Quarta-feira, 07 de maio de 2025
Por Redação O Sul | 6 de março de 2022
Em 30 anos, o Brasil passou de uma safra de 100 milhões para quase 300 milhões de toneladas de grãos. Consolidou-se como um dos mais importantes produtores e exportadores agrícolas globais, uma potência em segmentos como soja, milho, café, cana-de-açúcar e laranja, entre outras culturas. Mas a capacidade de produção de fertilizantes não acompanhou esse salto. Na verdade, até recuou – em 2017, o País produzia 8,2 milhões de toneladas, número que caiu para 6,5 milhões em 2020.
Para sustentar o avanço das lavouras, foi necessário ampliar a importação dos fertilizantes. Segundo dados da Associação Nacional para Difusão de Adubos (Anda), em 2020 o mercado brasileiro consumiu 40,6 milhões de toneladas. Desses 32,9 milhões (81%) vieram de fora. Uma boa parte disso, da Rússia. E, com o mercado russo fechado por causa das sanções provocadas pela guerra na Ucrânia, o Brasil tem um problema de razoáveis proporções para ser resolvido.
“Precisamos fomentar a produção aqui dentro”, diz Ricardo Tortorella, diretor executivo da Anda. “O governo está anunciando um plano nacional de fertilizantes, pois temos o insumo debaixo da terra, mas precisa de muita coisa para colocar esse produto no mercado, como logística, regras e licenças. O plano é oportuno, mas foi desenhado para os próximos 30 anos (leia mais abaixo). Não é a solução para o problema que temos agora.”
Segundo ele, o Brasil vai precisar de 10 milhões de toneladas de cloreto de potássio para a próxima safra, e a expectativa é de que 3 milhões venham da Rússia. “Se não vierem, vamos ter de comprar de outros países, como o Canadá. O problema é que o mundo inteiro se abastece na Rússia, e muitos países vão procurar alternativas, não só o Brasil.”
Segundo dados da associação, o Brasil é o quarto maior consumidor de fertilizantes, atrás da China, da Índia e dos Estados Unidos, mas é o maior importador mundial desses insumos – basicamente nitrogênio (N), fósforo (P) e potássio (K).

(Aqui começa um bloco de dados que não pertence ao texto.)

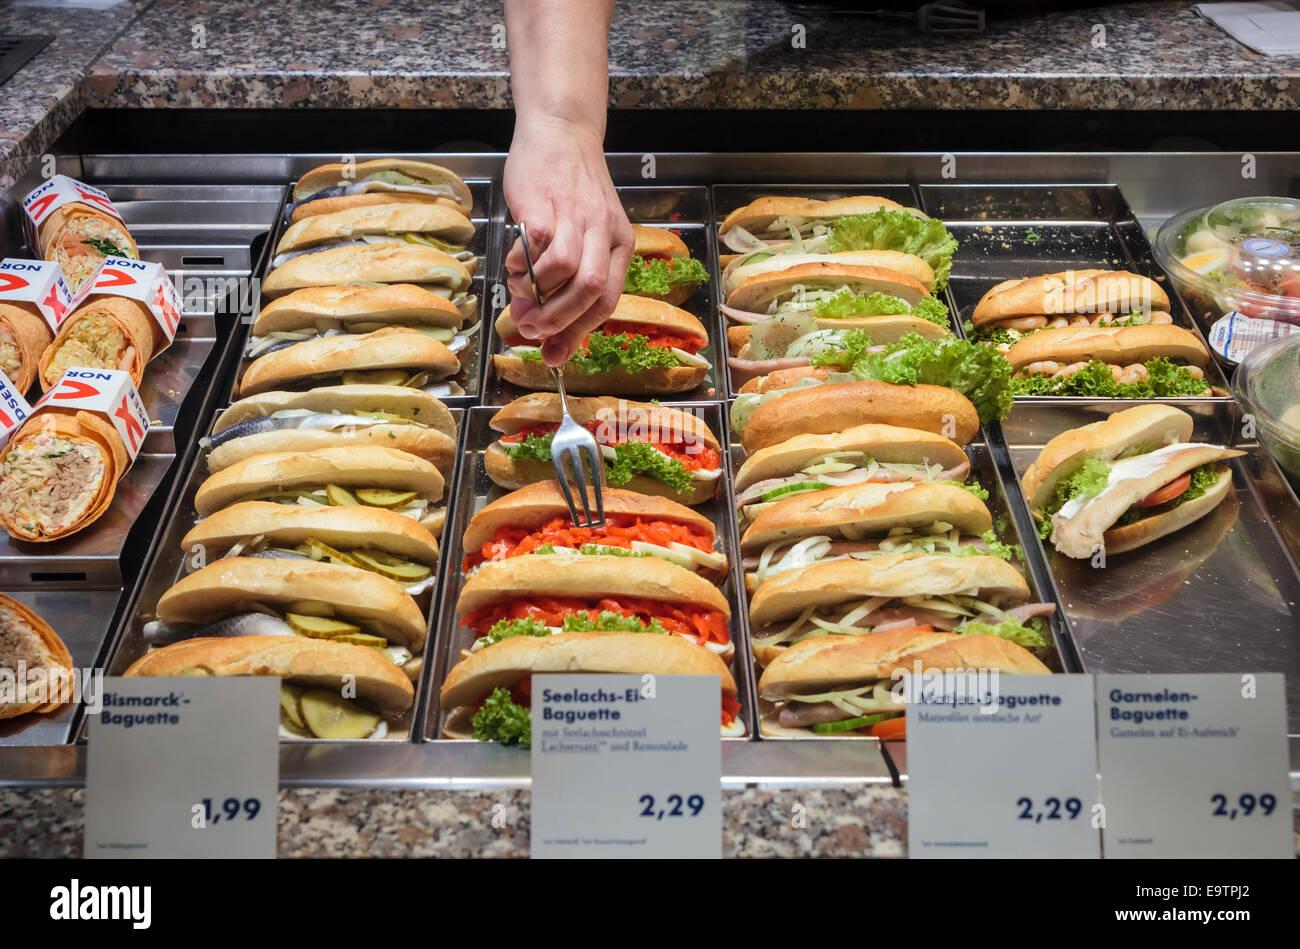 Healthy Fast Food Germany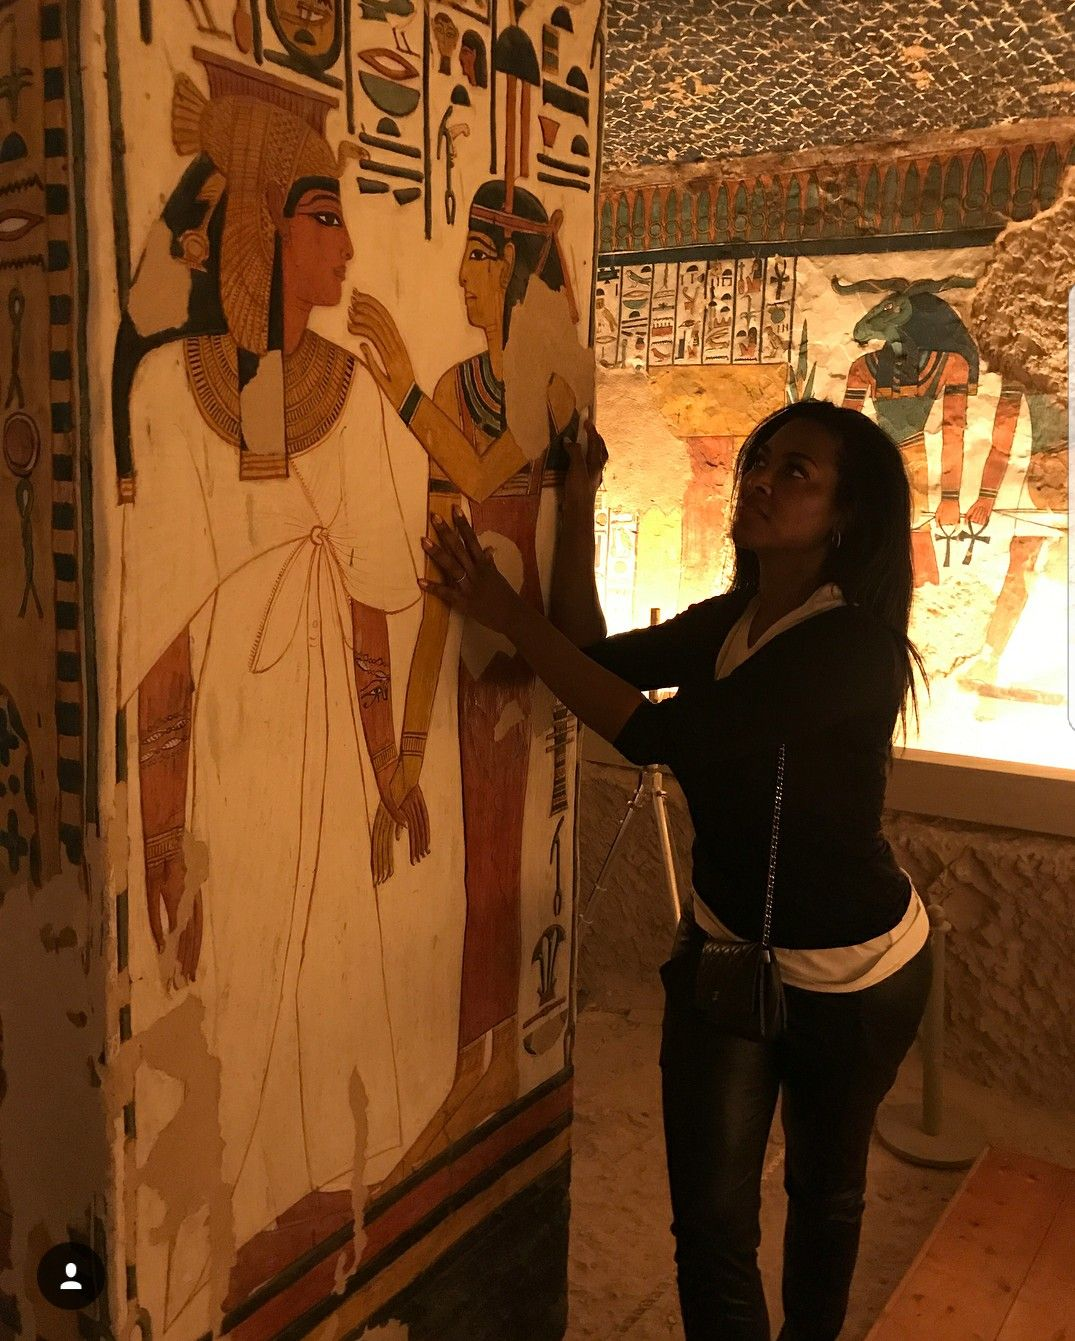 Kenya MooreDaley's personal photo. Egypt, Ancient

Isso se explica pela composição dos solos brasileiros, pobre em nutrientes, devido à sua característica tropical, principalmente na região do cerrado, onde se concentra a maior produção de grãos.
Riscos
Para a safra atual, por conta dos preços, que já vinham altos antes mesmo de começar o conflito no Leste Europeu, os produtores não anteciparam as compras de fertilizantes no volume de anos anteriores. “O que os agentes do mercado comentam é que a antecipação foi em torno de 30% este ano”, disse Tortorella.
“No ano passado, na mesma época, estava acima disso. E a guerra pode impor riscos para a próxima safra. Se o conflito acabar de hoje para amanhã, os fluxos de insumos da Rússia para o Brasil vão continuar. Se demorar até três meses, temos de buscar soluções que ajudem nossa safra a manter seu ritmo, que tem sido crescente.”
Para o especialista em questões globais do agronegócio e sustentabilidade, Marcos Jank, faltou investimento nas últimas décadas na produção nacional de fertilizantes. “Houve muitos projetos que não foram aprovados por falta de licenciamento. Nos tornamos o maior importador mundial.”
Ele lembrou que o avanço na produtividade de grãos do País implicou maior consumo de adubos. “Passamos a fazer duas safras anuais, a ter mais produtividade sem aumento de área, a fazer a integração pecuária-agricultura, tudo com um consumo maior de fertilizantes. Só que não houve política para aumentar a produção interna e, sem esse incentivo, ficava mais caro produzir aqui. Era mais fácil importar, e o Brasil passou a recorrer ao mercado externo, gerando a dependência que temos hoje.”
Jank não vê possibilidade de reversão desse quadro em um prazo curto. “O pessoal está falando que agora precisa ter o plano nacional de fertilizantes, mas isso não vai resolver o problema imediato”, disse. “Nessa altura, a melhor solução é diversificar a importação para não depender de um mercado só, como acontece com a dependência da Rússia.”